Despite him being vent free during the day they won't let you shut off the LMV? They shut it off in the hospital after her trach sugery (it was always a bigger leak than it should have been)--a week before discharge they tried to turn it back on and it alarmed constantly. I complained loudly enough that they allowed us to shut it off.

That being said...thank you so much for your comment as I didn't consider the trach change aspect. At 3 1/2 but very aware, the trach change is the one thing about her trach that S still doesn't love--actually she hates it. So upsizing would definitely make it that much harder. For that alone I'd prefer a cuff.

You can't boil the cuffed trachs, correct?

Hi Monica

My daughter is vented for about 23 hours a day. We inflate the cuff on her trach each night. We have had a few times when my daughter will do something similar to what yours does. The first hour or so of deep sleep, her sats are lower than her normal. Her normal is 97-100 and what we see for that first hour is 92-95. Inflating the cuff really helped this.

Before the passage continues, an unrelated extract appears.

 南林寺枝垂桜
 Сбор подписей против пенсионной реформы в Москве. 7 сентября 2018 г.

I would avoid taking her ability to vocalize away as best as you can. My daughter is not able to communicate but makes some noise. I've always hated how upsizing takes away her 'voice'. You can always try using a cuffed trach inflated at night. If it's not successful, you can fall back to upsizing later.

We cleaned the cuffed trachs the same way we cleaned the uncuffed trachs. Wash thoroughly, rinse. Boil water, remove from heat. Set trachs in hot water until cool, then air dry. We use Bivona flex tend TTS trachs and have never had a problem reusing multiple times.

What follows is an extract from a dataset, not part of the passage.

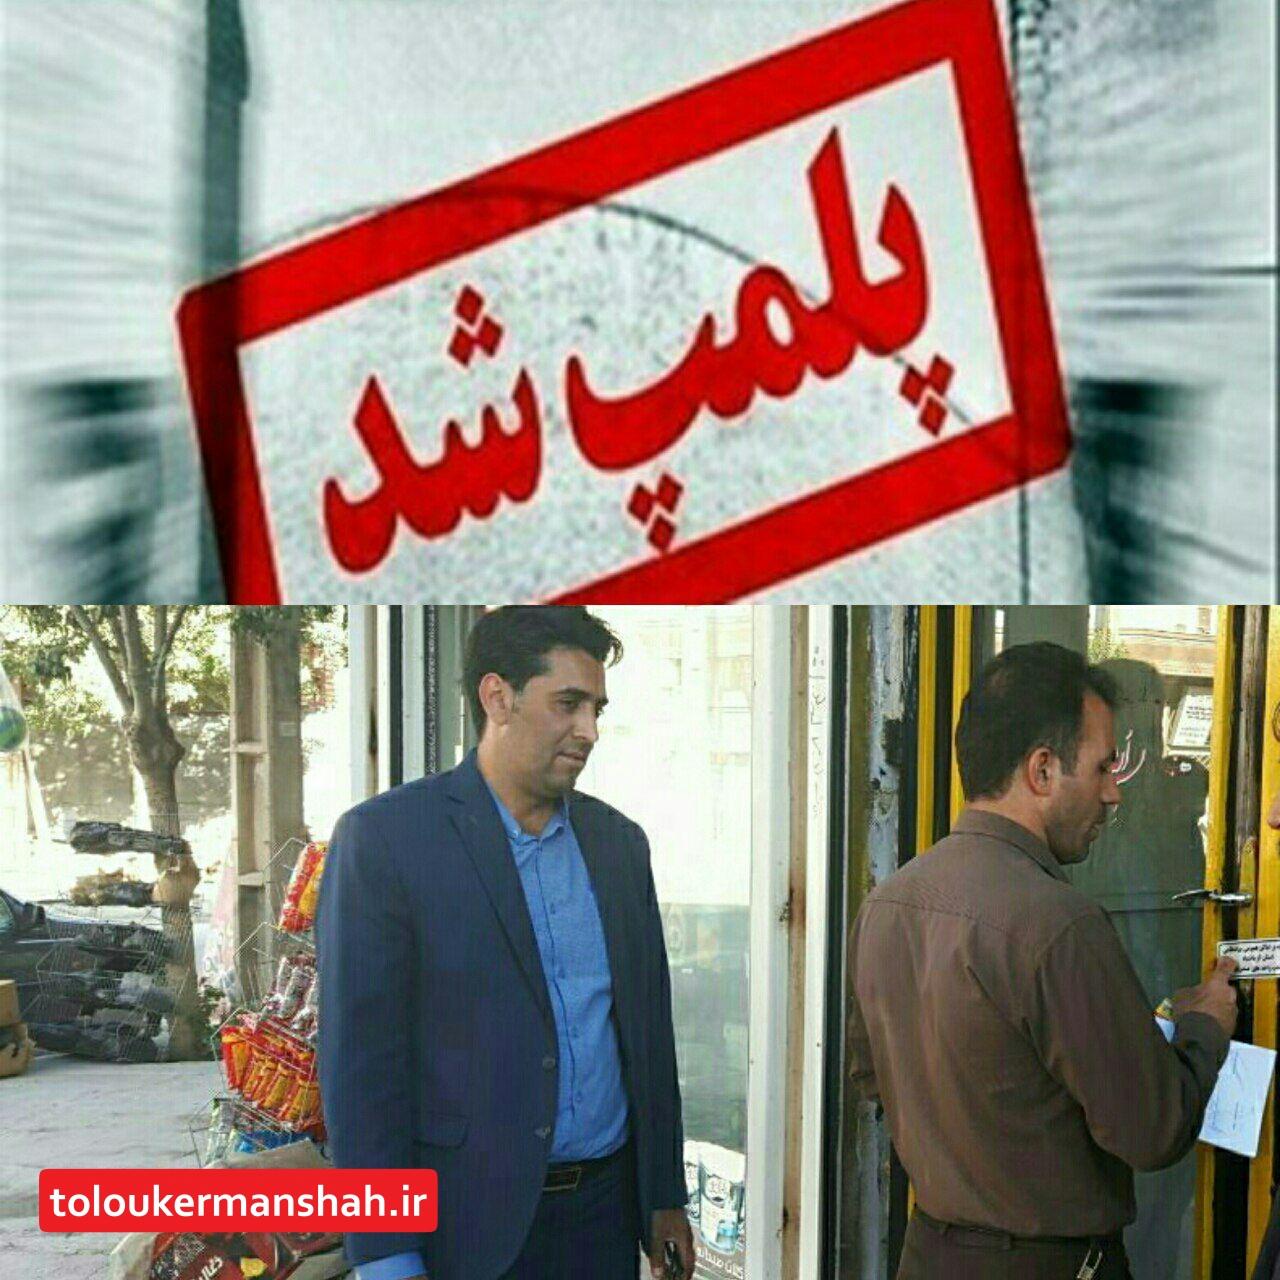 سلامت شهروندان خط قرمز اداره استاندارد کرمانشاه

The situation your describing sounds perfect for a cuffed trach that would be inflated at night, especially if night time is the time where your noticing the most cycling. You can adjust the amount of water in the cuff until the leek is no longer triggering the vent, and then no further allowing for maximum airway (for talking) and adequate control (limit the leak so the vent can understand whats going on). I would especially recommend this over upsizing because it can be more easily adjusted and wont have the effects on vocalization your worried about. A word of warning, if the LMV alarm is off the vent may not detect a decanulation. Please check by putting your backup trach on the vent and seeing if it will trigger the LP alarm. We lost two children locally this year due to parents and caregivers turning off the LMV alarm.

I have been scolded by our pulm and RT not to turn off the LMV, but turning up the sensitivity a notch did help. ask your RT

I recommend a cuffed trach (which is what I have). A warning, though, the cuff slowly deflates and needs tightened occasionally. When the trach is too old or been in too long, the cuff won't stay up.